## Instructions to follow
If pictures appear, leave them out, and return exactly the lines from the one holding "Agostino Bersani ( Milano" through the last line of the listing below.

## Available data

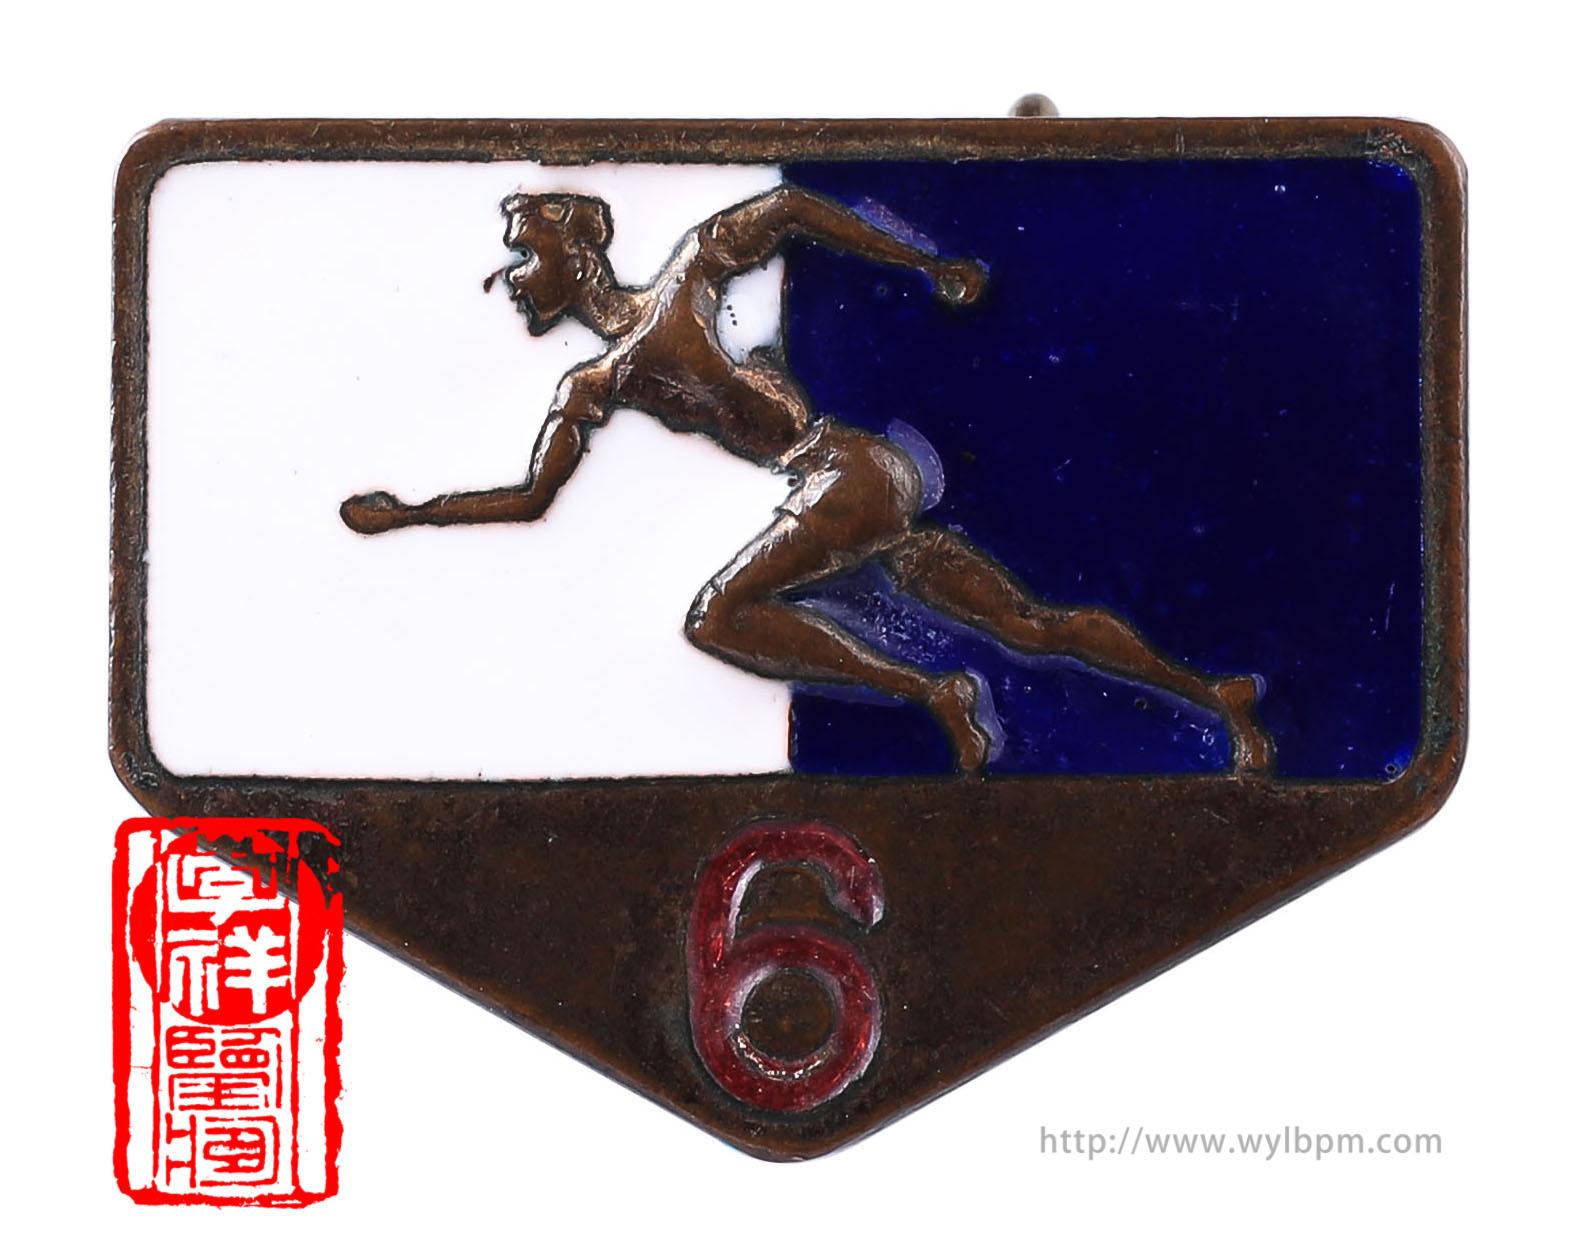 运动会奖牌,运动会奖杯,收藏李祥,体育收藏,奥运收藏,冰雪收藏,体育博物馆,奥运会火炬,奥运会奖牌,民国体育,古代体育,体育老照片,体育资料
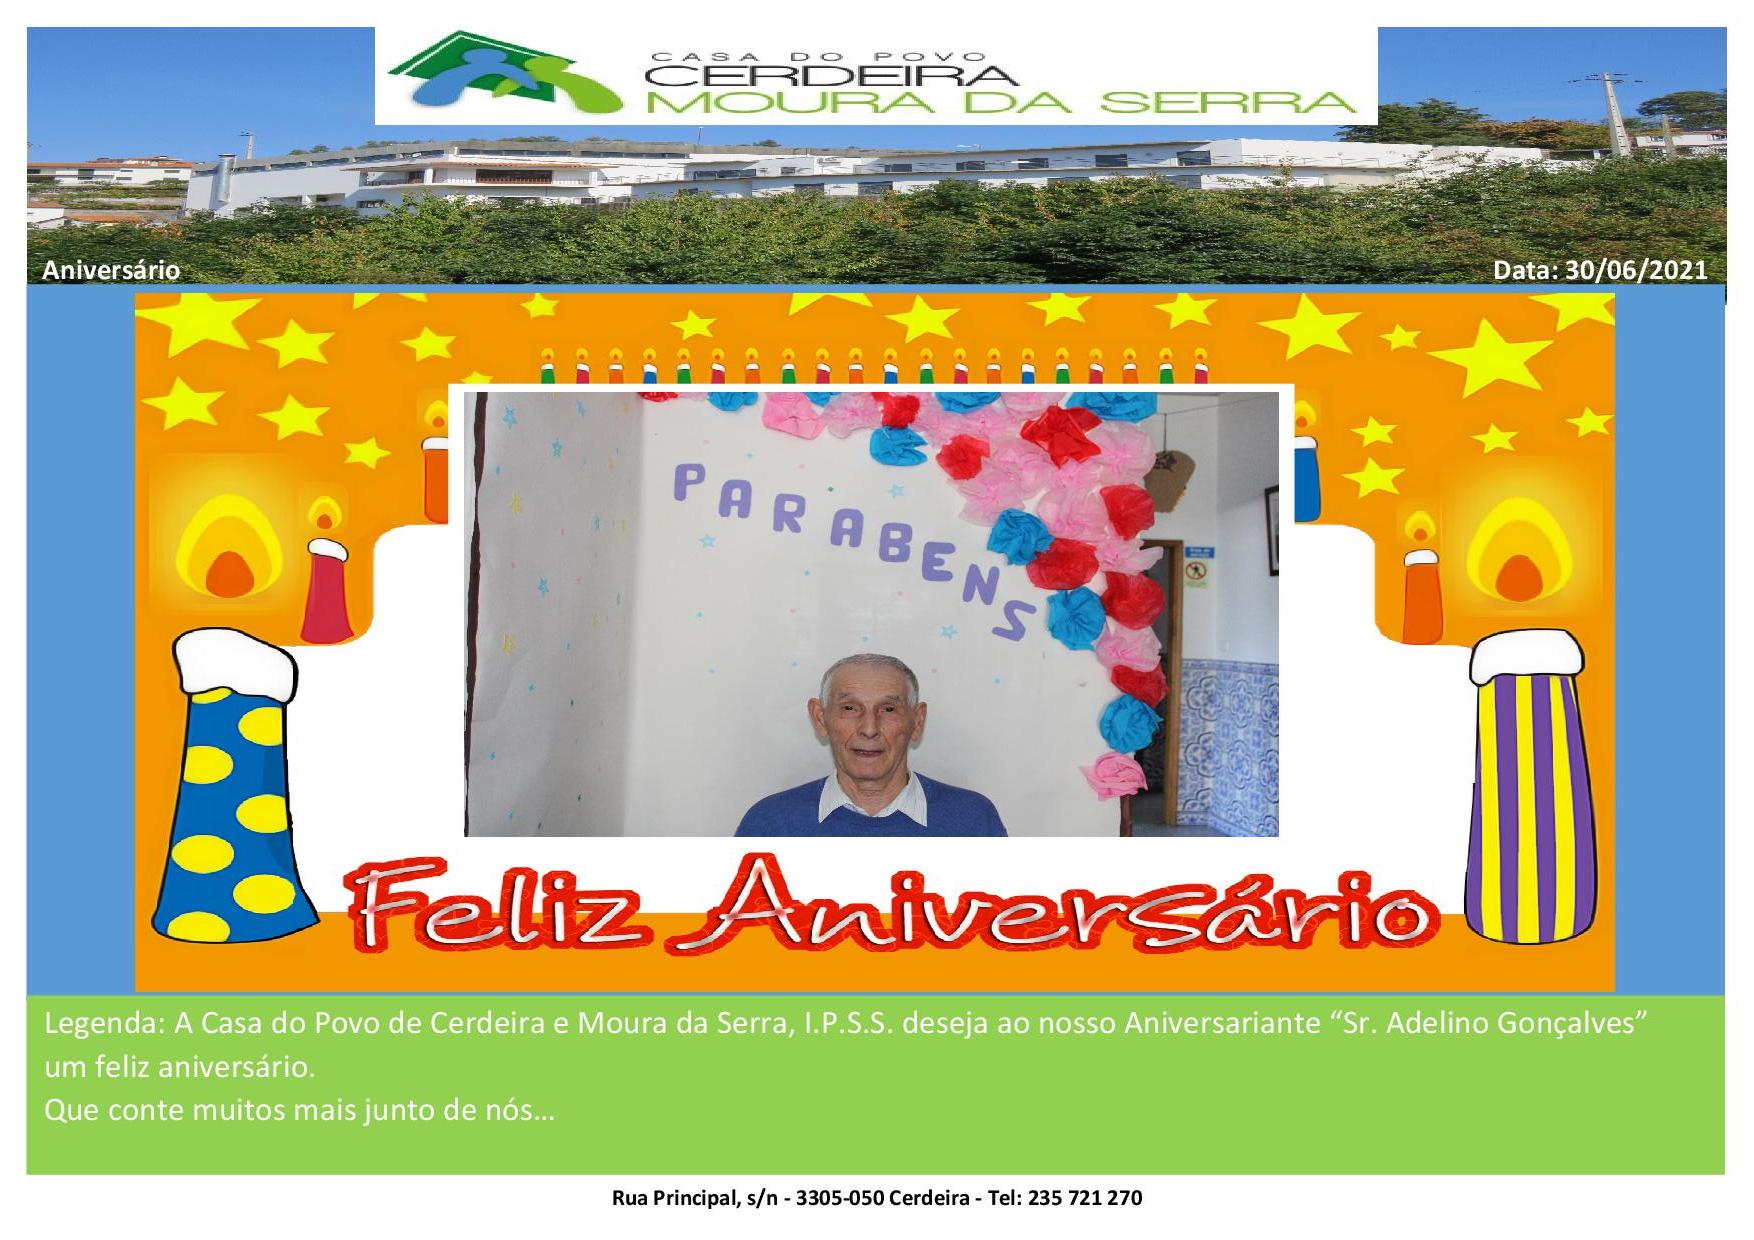 Aniversário Sr. Adelino Gonçalves em 30/06/2021
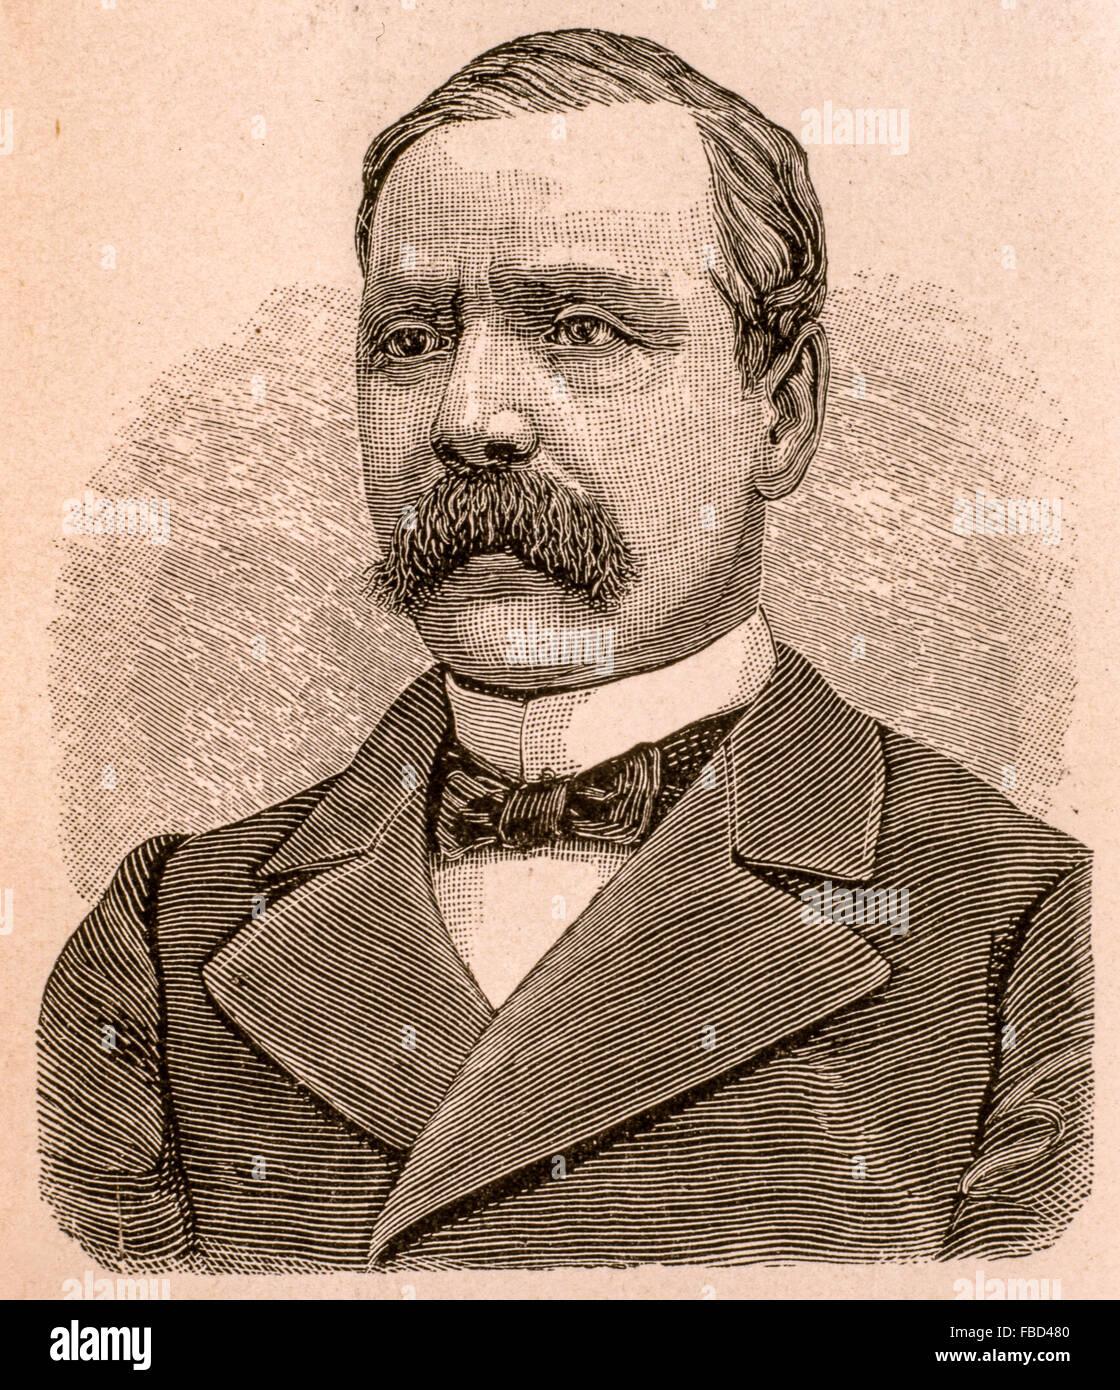 Agostino Bersani ( Milano 19 Ottobre 1812 - Roma, 30 Aprile1886 ) Dal Libro ' vita di Garibaldi ' 1880 Immagini Stock
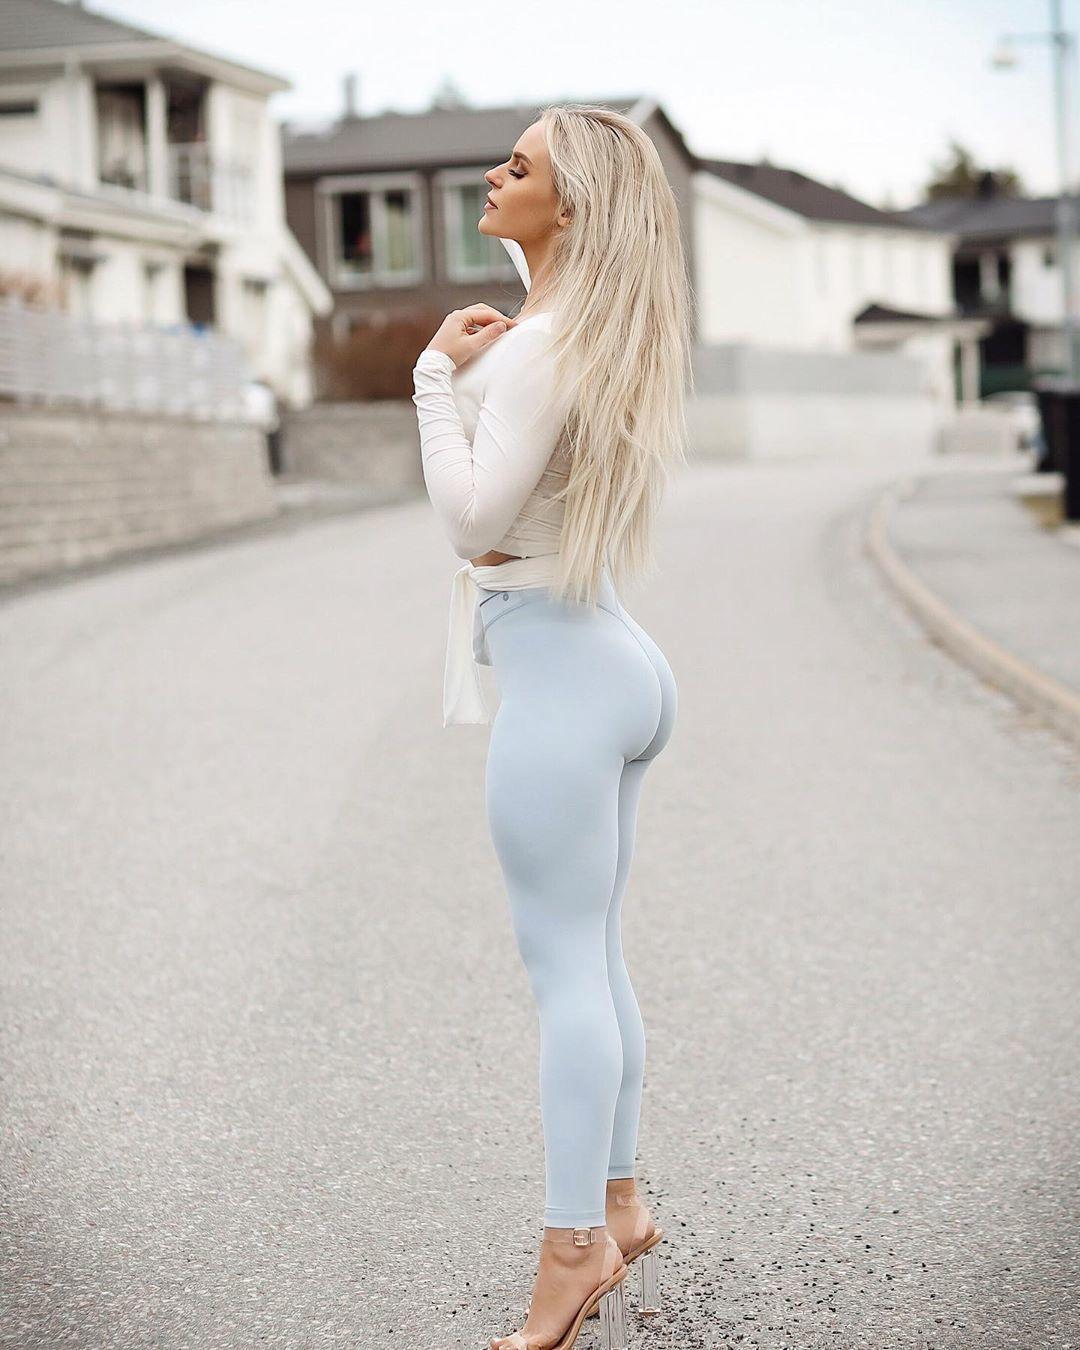 Абалденная попка блондинки в белых леггинсах

## Solution to this task
 Agostino Bersani ( Milano 19 Ottobre 1812 - Roma, 30 Aprile1886 ) Dal Libro ' vita di Garibaldi ' 1880 Immagini Stock
 Абалденная попка блондинки в белых леггинсах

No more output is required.